SSO & OAuth Authentication
New in v2.3.0
By default, Potato uses a simple username-based login where annotators type any username to sign in. This is convenient for local development and small projects, but production deployments need proper authentication to prevent unauthorized access, ensure annotator identity, and comply with institutional requirements.
Potato 2.3 adds support for three authentication methods:
- Google OAuth -- sign in with Google accounts, with optional domain restriction
- GitHub OAuth -- sign in with GitHub accounts, with optional organization restriction
- Generic OIDC -- connect to any OpenID Connect provider (Okta, Azure AD, Auth0, Keycloak, etc.)

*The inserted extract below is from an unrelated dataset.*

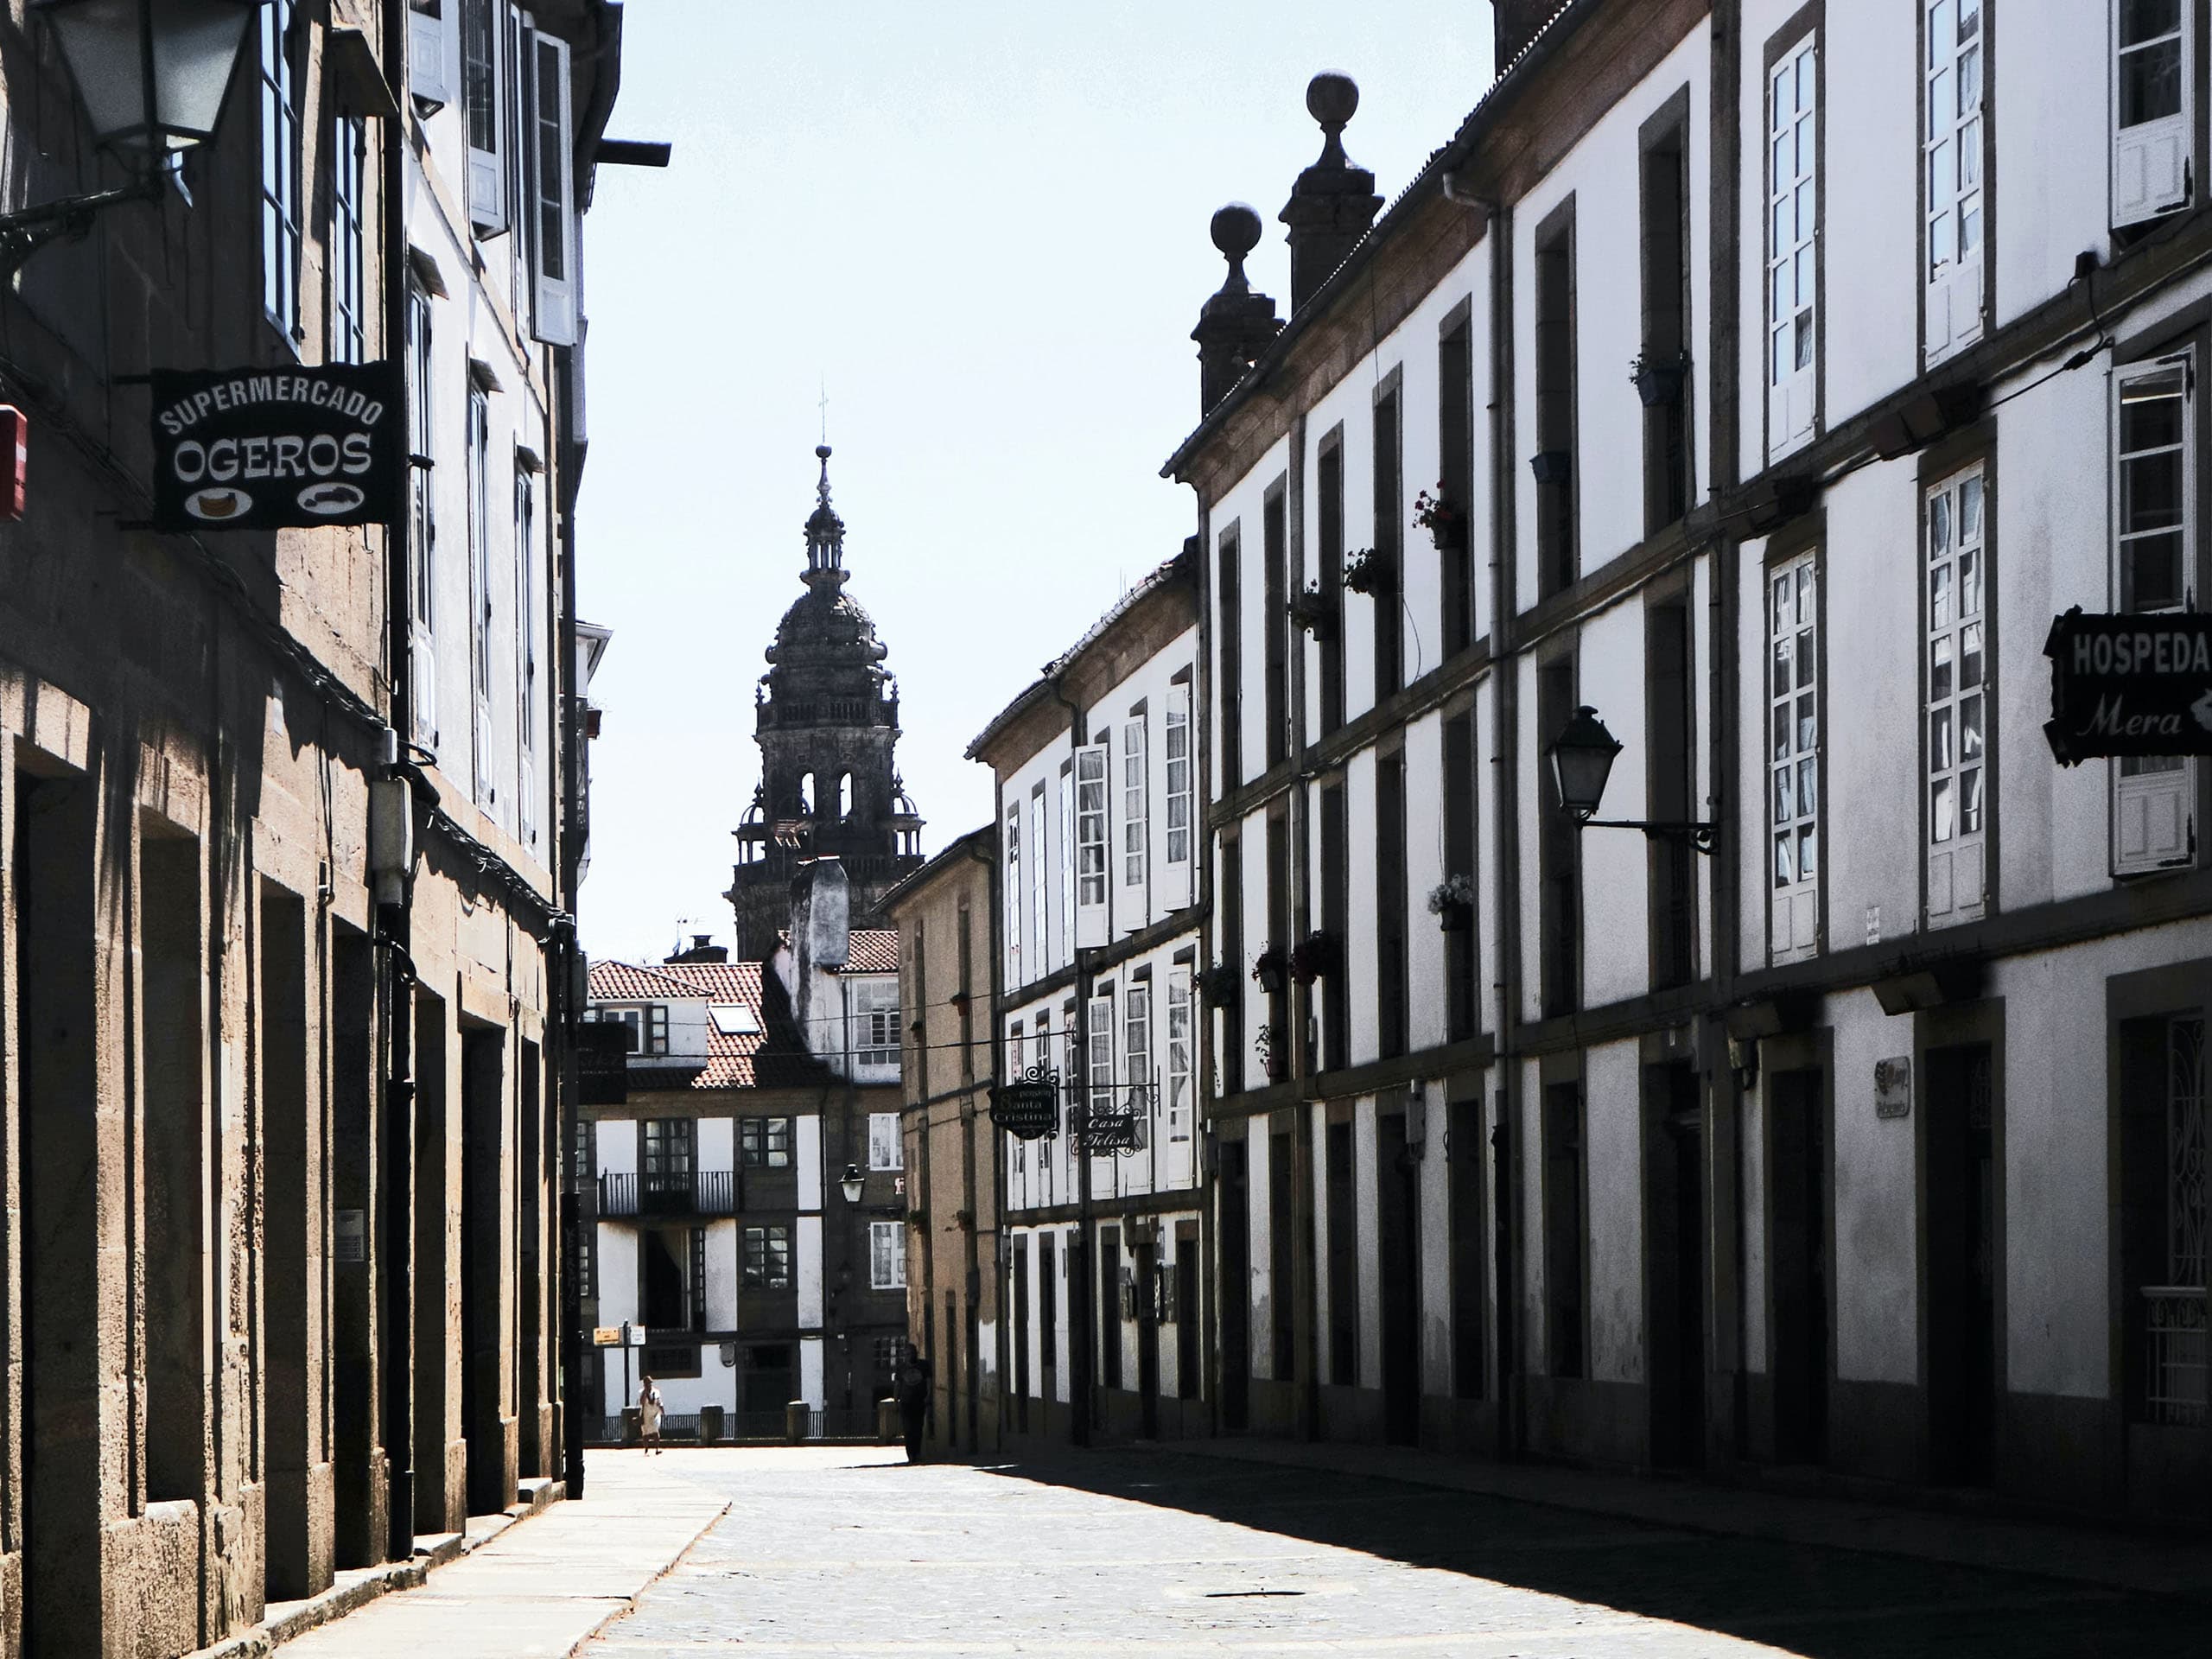 Over eight Caminos that lead to Santiago de Compostela

All methods can be combined with Potato's existing username login for a mixed-mode setup.
Google OAuth
Prerequisites
- Create a project in the Google Cloud Console
- Enable the "Google Identity" API
- Create OAuth 2.0 credentials (Web application type)
- Add your Potato server URL to "Authorized redirect URIs":
https://your-server.com/auth/google/callback
Configuration
authentication:
method: google_oauth
google_oauth:
client_id: ${GOOGLE_CLIENT_ID}
client_secret: ${GOOGLE_CLIENT_SECRET}
redirect_uri: "https://your-server.com/auth/google/callback"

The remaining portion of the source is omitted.